We stare at each other intently for a few moments, each challenging the other silently to say something. John awkwardly clears his throat. And then, Sherlock Holmes starts to chuckle heartily.

"How fascinating." he remarks, and continues to look at me questioningly, all the while continuing to laugh to himself. John and I make eye contact, and he shrugs, just as confused as I am. But then, that chief officer, D.I. Lestrade, comes running up to us.

"The ambulance carrying the suspect has disappeared. We're not getting any signal from the vehicle…" he pants. Holmes immediately stops laughing, and considers this new development.

"Where did you lose contact?" he asks, and abruptly walks away with the detective inspector, with only a "Come, John." directed at his companion. John rolls his eyes.

"Bloody git." he mumbles, and then shakes my hand again and thanks me.

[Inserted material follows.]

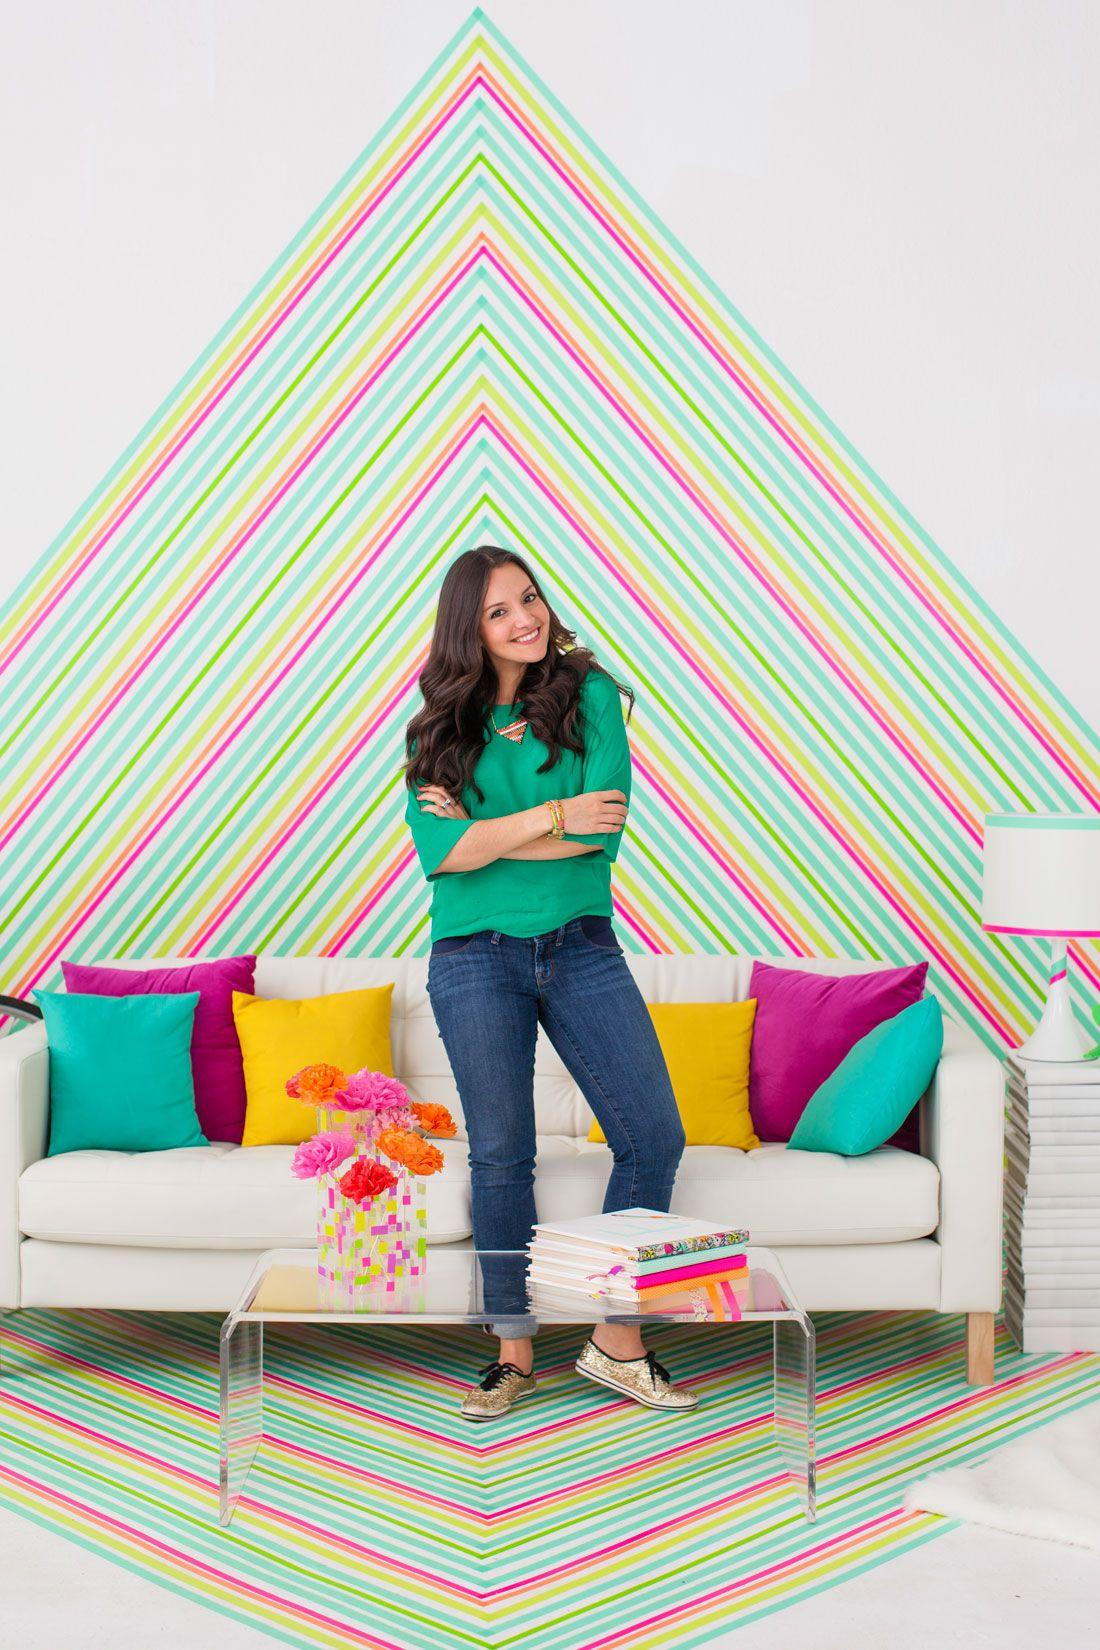 How to DIY Temporary Wallpaper Using Washi Tape | Washi tape, Washi ...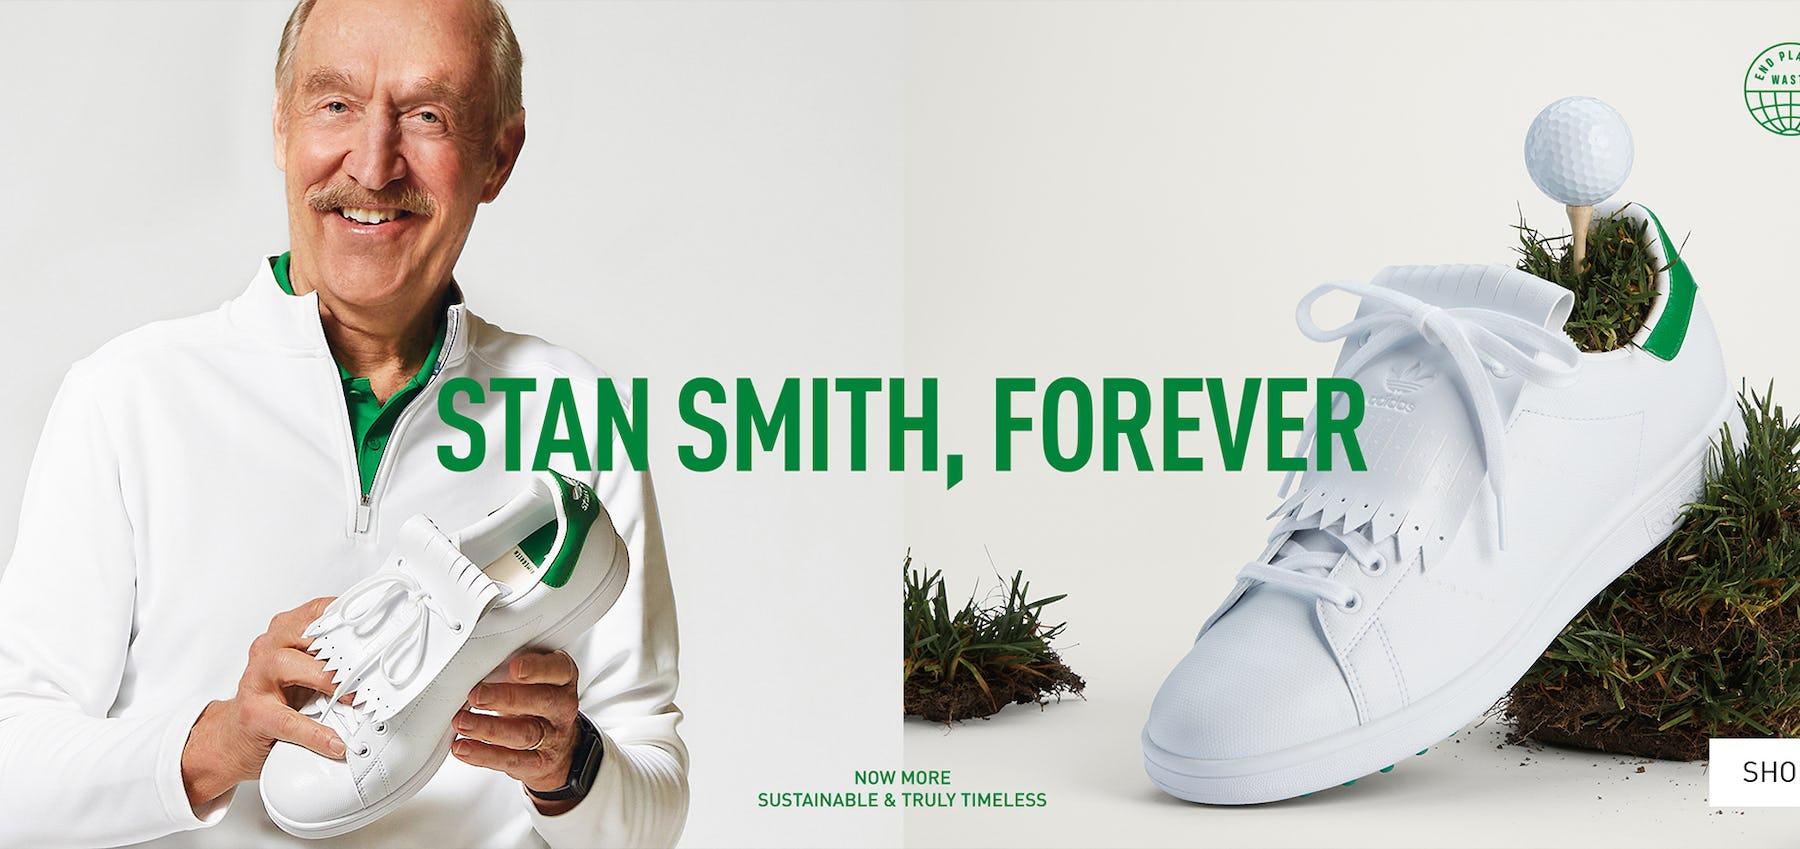 adidas Special Edition Stan Smith Golf Shoe

"Sorry I have to strand you alone amongst this chaos, but a summons from the mighty Sherlock Holmes is not to be ignored." I snort at this, and watch him as he starts to walk away. Suddenly, I remember something.

"John!" I yell at the retreating figure, and he turns back. "What was on the papers that Williams took with him?" I had forgotten to ask about them earlier. But John looks perplexed by my question.

"Papers? What papers? I searched him myself, as did several of the police officers, directly after his fall. There was no sign of any papers… and the crime scene has been searched thoroughly… perhaps you're remembering things a bit incorrectly; that's not uncommon after a shock." I shrug, not sure of what to think, and he smiles encouragingly. "Well, goodbye Miss Degas. This has certainly been an experience. I think you may be the only person I've ever seen to ever make the great Sherlock Holmes entirely speechless. Maybe I'll see you around." And with that, he gives a friendly wave, and disappears into the sea of investigation occurring.

I shake my head. I'm not sure what I saw, but I was almost positive that Williams put those papers in his pocket… and then my thoughts are interrupted by and ear piercing squeal. I turn, and of course, it's Andrea running at me.

After a rather painful embrace and much exclaiming from my best friend, Andrea is given leave to take me back to the residence hall. She talks the entire way back, fussing over me, and prattling on about how she's going to make me take it easy over the oncoming weekend.

I only nod and "uh-huh," to her incessant chatter. It's not that I'm unhappy at her kindness, it's just that my mind is somewhere else, far away, trying to comprehend this fascinating Sherlock Holmes and the mystery of these disappearing papers. I'm not exactly positive about what just happened, but I have an uneasy feeling that it's going to have a much bigger impact than anyone, least of all myself, could ever have imagined.